With cyprodinil+fludioxonil and pyraclostrobin, significant differences were observed at 60 and 90 days, with different percentages of mycelium inhibition in the isolates from the different agroecological areas, some being more sensitive than others (Table 4). A lower susceptibility to these products was observed for the 67% ECA isolate.

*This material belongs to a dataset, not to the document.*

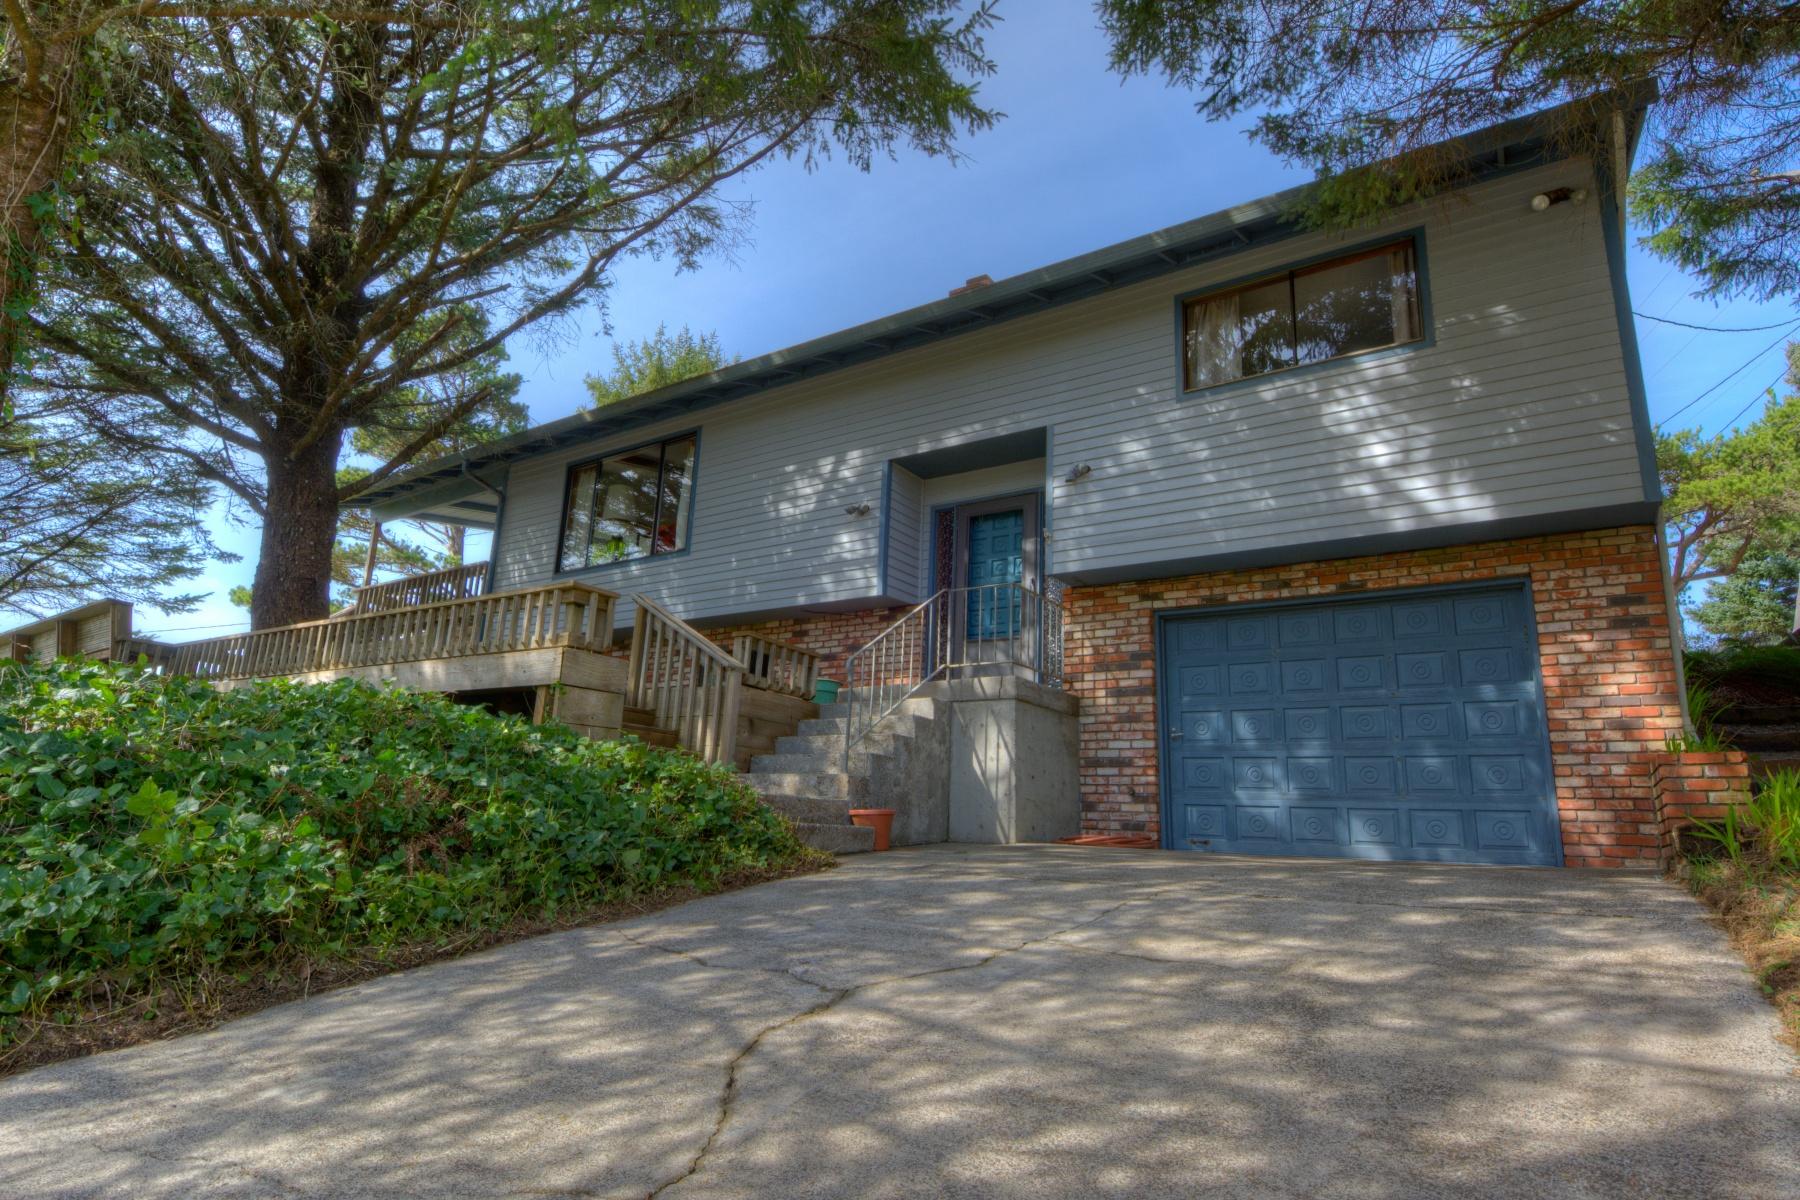 Einfamilienhaus für Verkauf beim 8090 NEHALEM RD, MANZANITA Manzanita, Oregon, 97130 Vereinigte Staaten
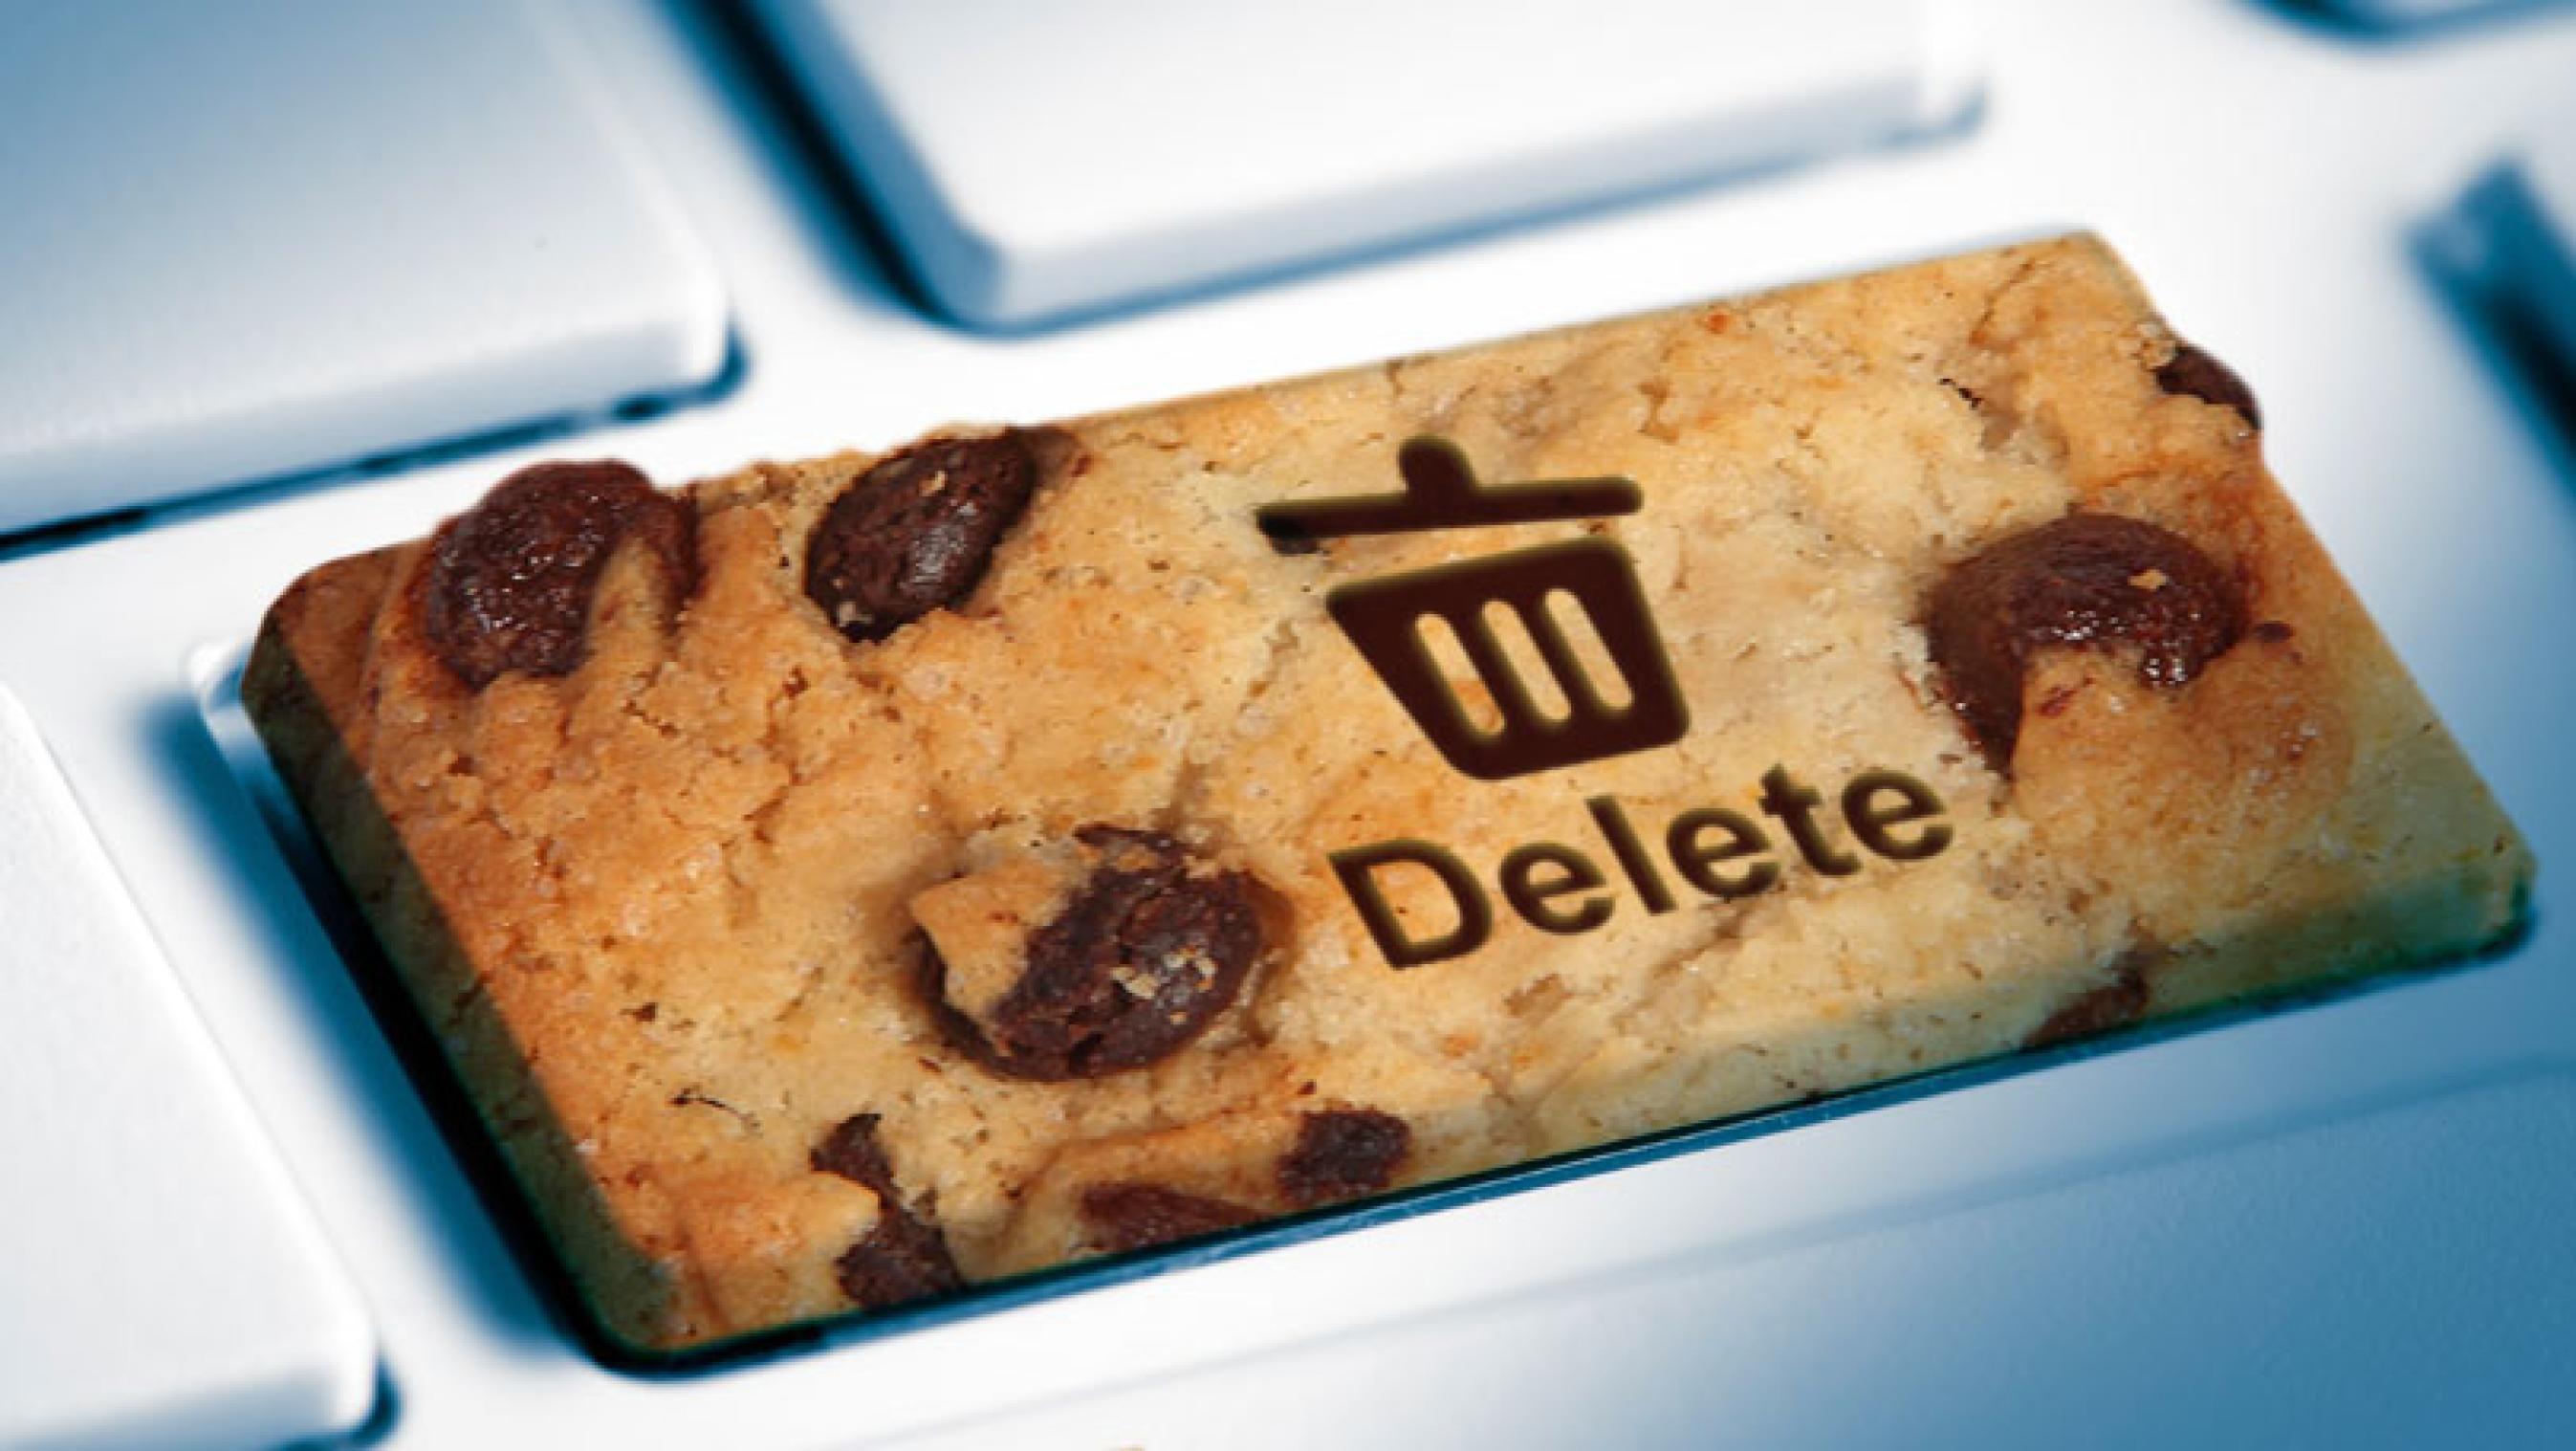 Fim dos cookies. Início da nova era de dados do marketing.

Table 4 Percentage mycelial inhibition of E. perseae isolates (from different agroecological areas) with different fungicides at different post-inoculation times
| Inhibición del crecimiento del micelio (%) | ||||||
|---|---|---|---|---|---|---|
| Tratamientos | Días | ECC | EZU | EZA | EAR | ECA |
| (1,200-1,420 m.s.n.m.) | (1421-1640 m.s.n.m.) | (1641- 1860 m.s.n.m.) | (1861- 2080 m.s.n.m.) | (2081-2300 m.s.n.m.) | ||
| 30 | 100a | 100a | 100a | 100a | 100a | |
| Azoxystrobin | 60 | 100a | 100a | 100a | 100a | 100a |
| 90 | 99a | 99.72a | 100a | 100a | 73.91b | |
| Azoxystrobin + propiconazol | 30 | 100a | 100a | 100a | 100a | 100a |
| 60 | 100a | 100a | 100a | 100a | 100a | |
| 90 | 100a | 100a | 100a | 100a | 100a | |
| Cyprodinil + fludioxonil | 30 | 100a | 100a | 100a | 100a | 100a |
| 60 | 98.07a | 98.57a | 92.72a | 92.5a | 86.66b | |
| 90 | 95a | 98.33a | 92.5a | 90.5a | 67.53b | |
| Pyraclastrobin | 30 | 100a | 100a | 100a | 100a | 100a |
| 60 | 95.55a | 98.57a | 91.36ab | 81.66b | 98.78a | |
| 90 | 91.75a | 95.55a | 92.08a | 86a | 66.37b | |
| Tiabendazol | 30 | 100a | 100a | 100a | 100a | 100a |
| 60 | 100a | 100a | 100a | 100a | 100a | |
| 90 | 100a | 100a | 100a | 100a | 100a | |
Values with different letters in the same row are significantly different (p > 0.05).
Conclusions
The five E. perseae isolates from each agroecological area exhibited varying virulence levels on avocado fruit. Nursery plants with the Flor de María variety were more susceptible to the pathogen based on spot count, spot size, and symptom appearance time. E. perseae isolates from different agroecological areas showed varying in vitro sensitivity to tested fungicides (Larrea tridentata, copper oxychloride, copper sulfate, cyprodinil+fludioxonil, and pyraclostrobin). Larrea tridentata and copper oxychloride achieved 74.1% and 72.4% inhibition, respectively, against the EZU isolate (1421-1640 m.a.s.l.), outperforming copper gluconate, which controlled a maximum of 37.7% inhibition. The fungus displayed higher in vitro sensitivity (100%) to chemical fungicides thiabendazole and azoxystrobin + propiconazole, as well as to orchard-approved organic options: Larrea tridentata and copper oxychloride (58%).